■ **STORED DATA**:
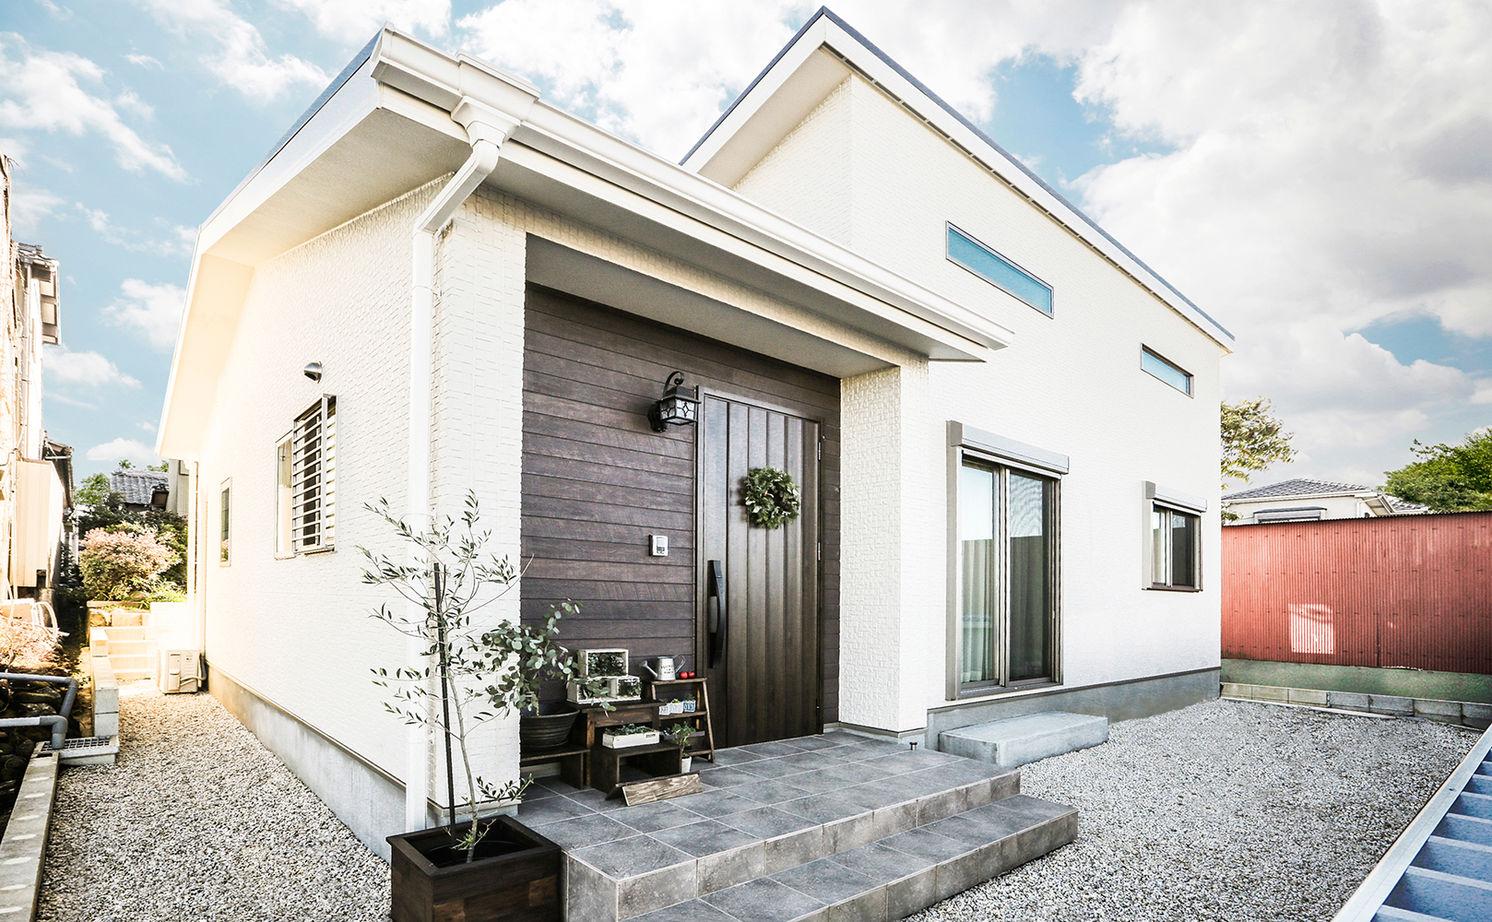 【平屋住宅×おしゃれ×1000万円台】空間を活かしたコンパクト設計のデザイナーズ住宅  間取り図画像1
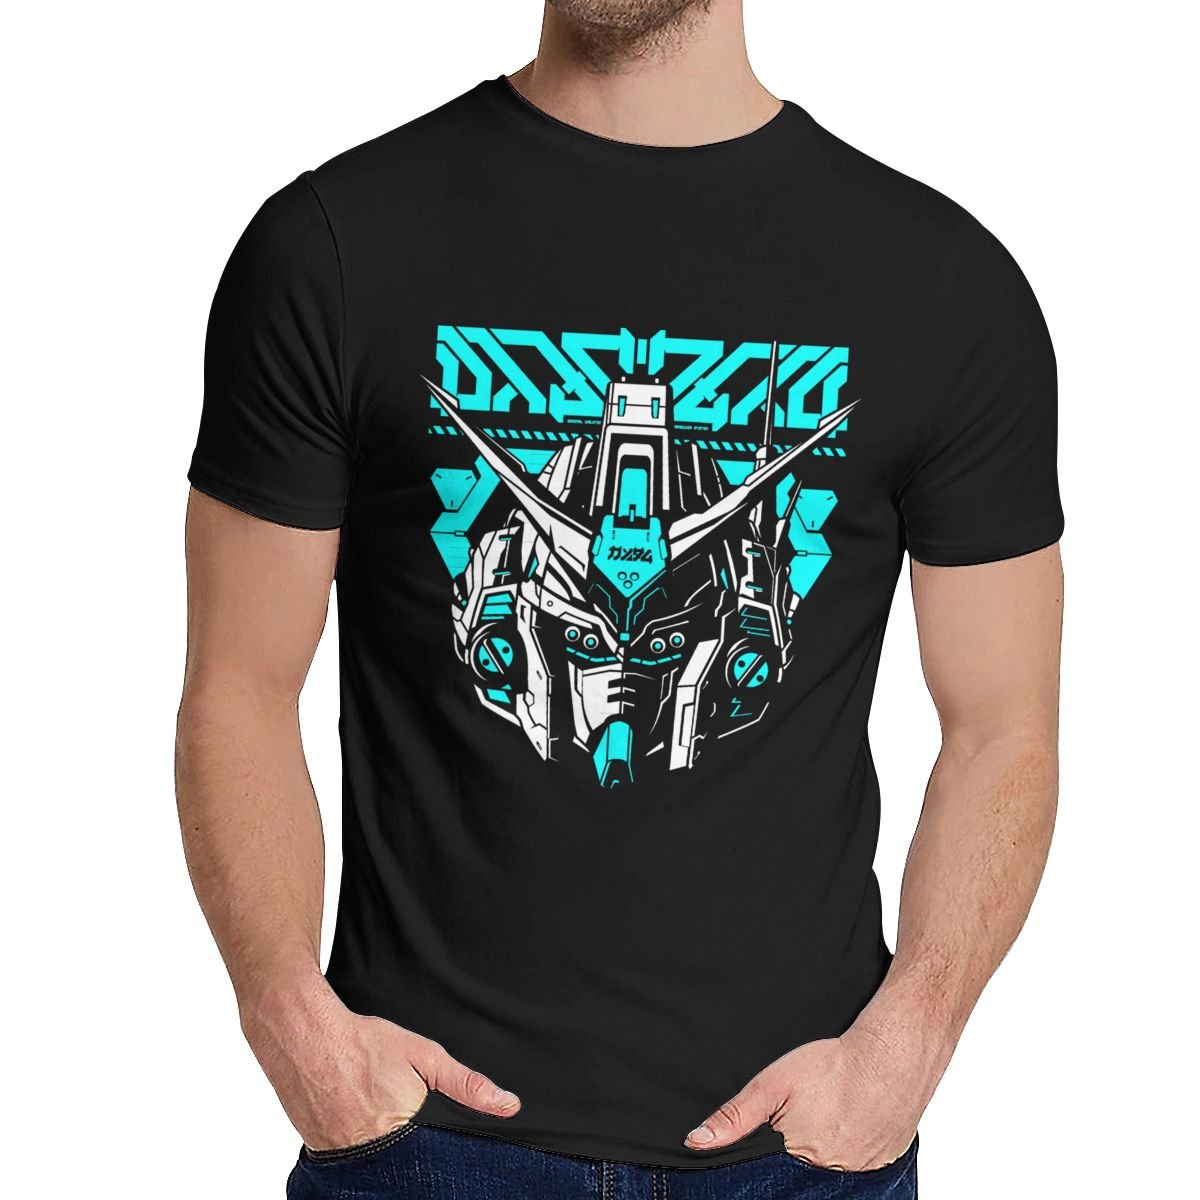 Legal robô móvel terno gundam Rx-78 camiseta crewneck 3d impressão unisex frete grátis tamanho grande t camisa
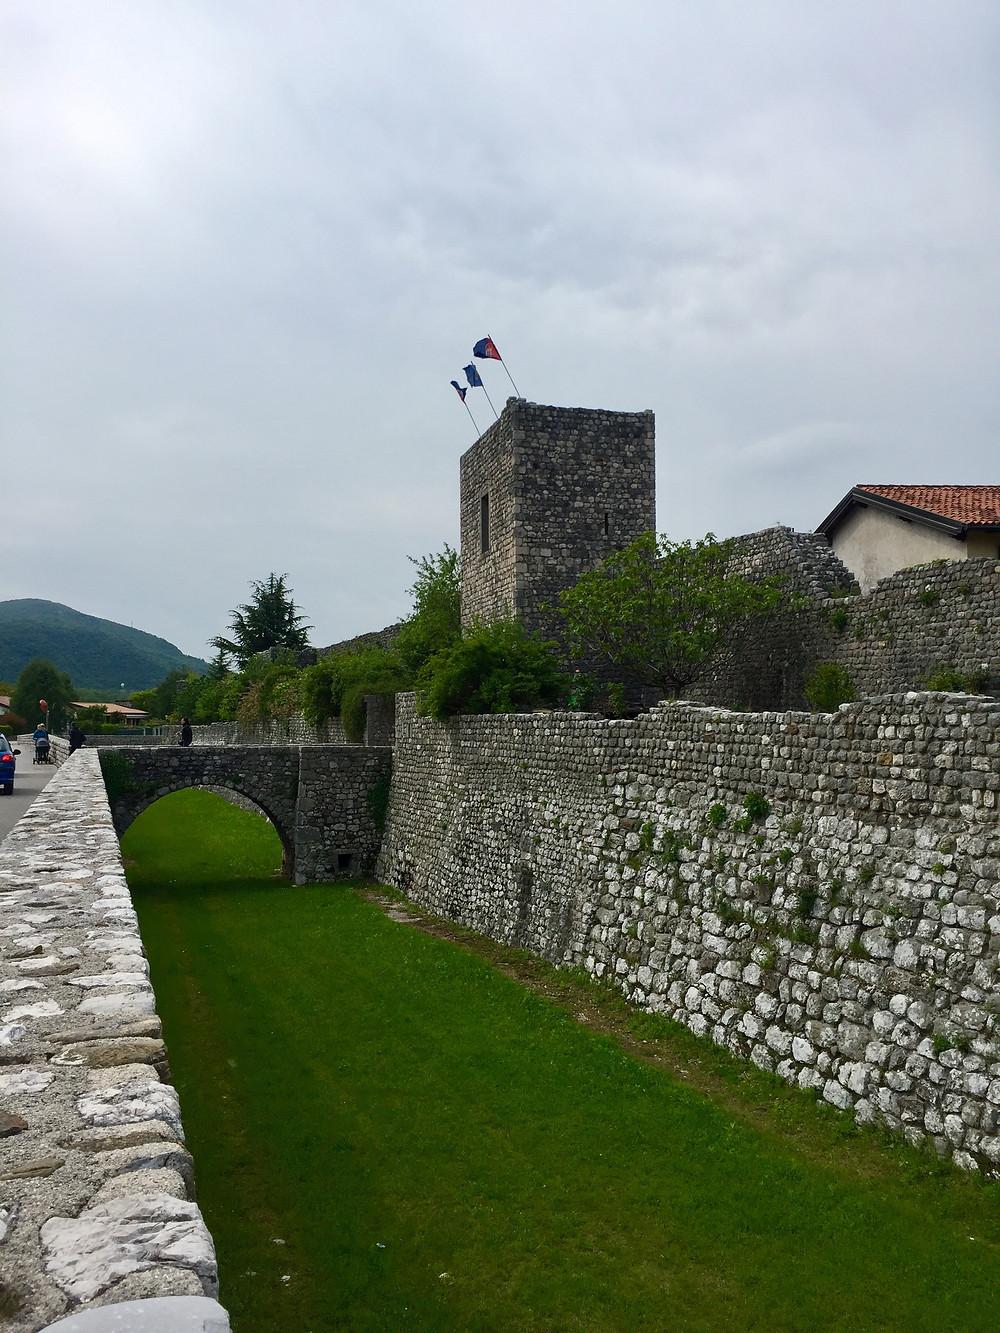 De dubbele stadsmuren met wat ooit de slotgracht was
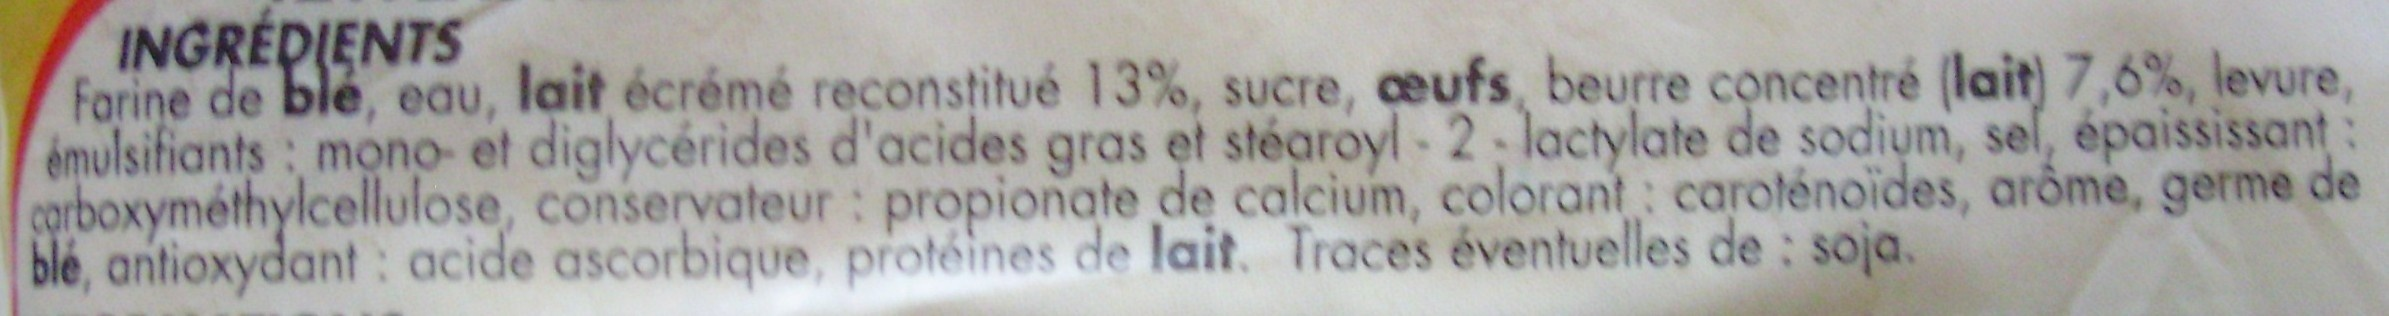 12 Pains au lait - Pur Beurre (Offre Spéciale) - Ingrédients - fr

■ **PROBLEM TO WORK ON**: Where the line containing "Legal robô móvel" appears, begin writing out the lines word for word, and continue through the last line of the data, leaving out pictures.

■ **RESPONSE**:
 Legal robô móvel terno gundam Rx-78 camiseta crewneck 3d impressão unisex frete grátis tamanho grande t camisa
 De dubbele stadsmuren met wat ooit de slotgracht was
 12 Pains au lait - Pur Beurre (Offre Spéciale) - Ingrédients - fr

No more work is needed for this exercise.